Unlike the United States, for example, there are no precedents for these kinds of problems in Japan. “In America, lawyers for the prosecution and the defense would likely learn during juror selection if any of them are fluent in the language of the defendant or the plaintiff. Interpreters must be very careful, because misinterpretation of key statements opens up the possibility of a mistrial,” said S. McIntire Allen, an Osaka-based American attorney who is licensed in California and New York.

David Makman, a San Francisco-based attorney who has experience dealing with court interpreters, also noted that the Fifth Amendment in the U.S. Bill of Rights grants defendants the right not to take the stand and testify under oath and refuse to answer question on grounds that their answers could be incriminating.

“Often, criminal defendants take the Fifth and say nothing that will incriminate them. Therefore, they usually do not need an interpreter except to help prepare their defense and to understand the proceedings around them,” he said in an e-mail interview with The Japan Times.

One member of the Osaka Bar Association, who requested anonymity, said answers to the above questions will likely depend on how much control judges exercise in the courtroom over the lay judges, but admitted that decisions about what constitutes fair translation or interpretation may well be subjective.

“Many judges in Japan speak English, and if that’s the language being used, they’ll have a better ability to understand what kind of mistakes or omissions are being made. But that’s not the language of most court cases in Japan. Even if they don’t understand the language being spoken, judges may decide the interpreter is doing a good enough job and that, although there are mistakes, they aren’t serious,” the lawyer warned.

Makman also noted that California has published a 65-page detailed set of professional standards and ethical guidelines for court interpreters that answer many questions Japanese court interpreters are likely to have about the new lay judge system.

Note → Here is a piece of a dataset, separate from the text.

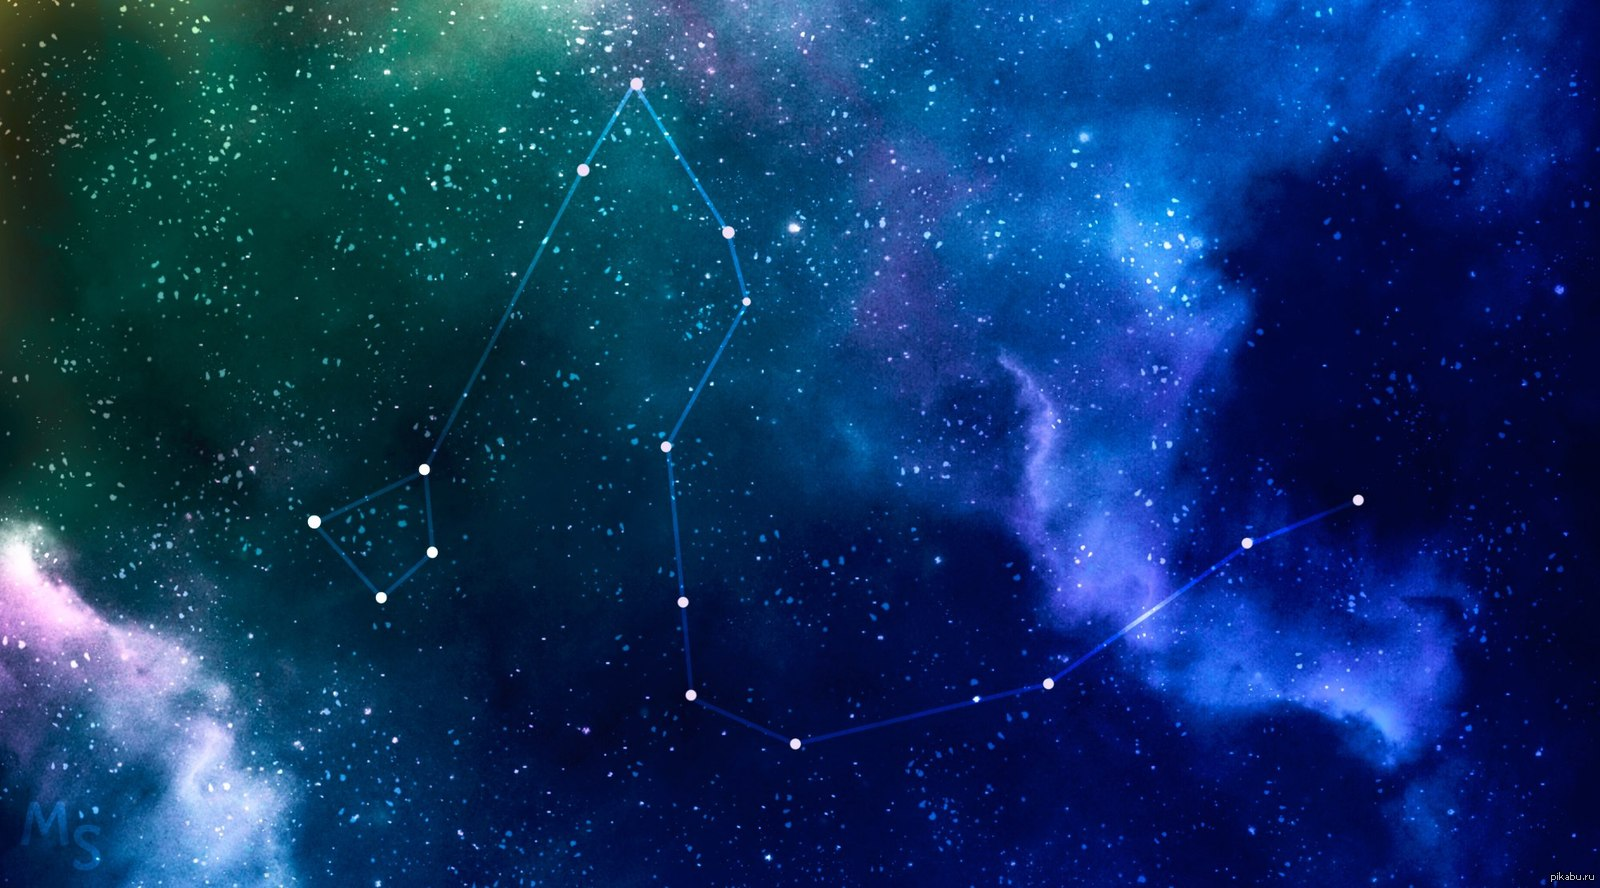 Звездное небо с созвездиями картинки

The manual covers everything from paraphrasing guidelines to nonverbal communication to relationships with the jurors to dealing with the press. Tsuda said the Supreme Court has promised to publish something similar, but has yet to do so.

Last year, according to the Supreme Court, interpreters were used in 128 out of 2,208 trials involving offenses that will be tried under the new lay judge system.

To help prepare court interpreters for the new system, graduate students at Osaka University, where Tsuda teaches a course in court interpretation, the only one of its kind in Japan, have just put together a Chinese-language instructional DVD of a mock lay judge trial involving Japanese-Chinese language interpretation.

The DVD, which has been posted on YouTube, offers practical advice and points out potential problems interpreting under the lay judge system, such as not being able to see a PowerPoint presentation by the attorneys.

Similar DVDs in English and Korean are now being prepared, and will hopefully be released soon, Tsuda said.

According to the Supreme Court, as of April 2007, there were 3,903 people nationwide registered for courtroom interpretation into 55 foreign languages. That same year, 10 major languages were used in 91 percent of cases involving 5,767 foreigners. Chinese was used for nearly a third of the total, with the figure shooting to nearly 57 percent when including Korean and Tagalog. English-language interpretation was used 3.9 percent of the time.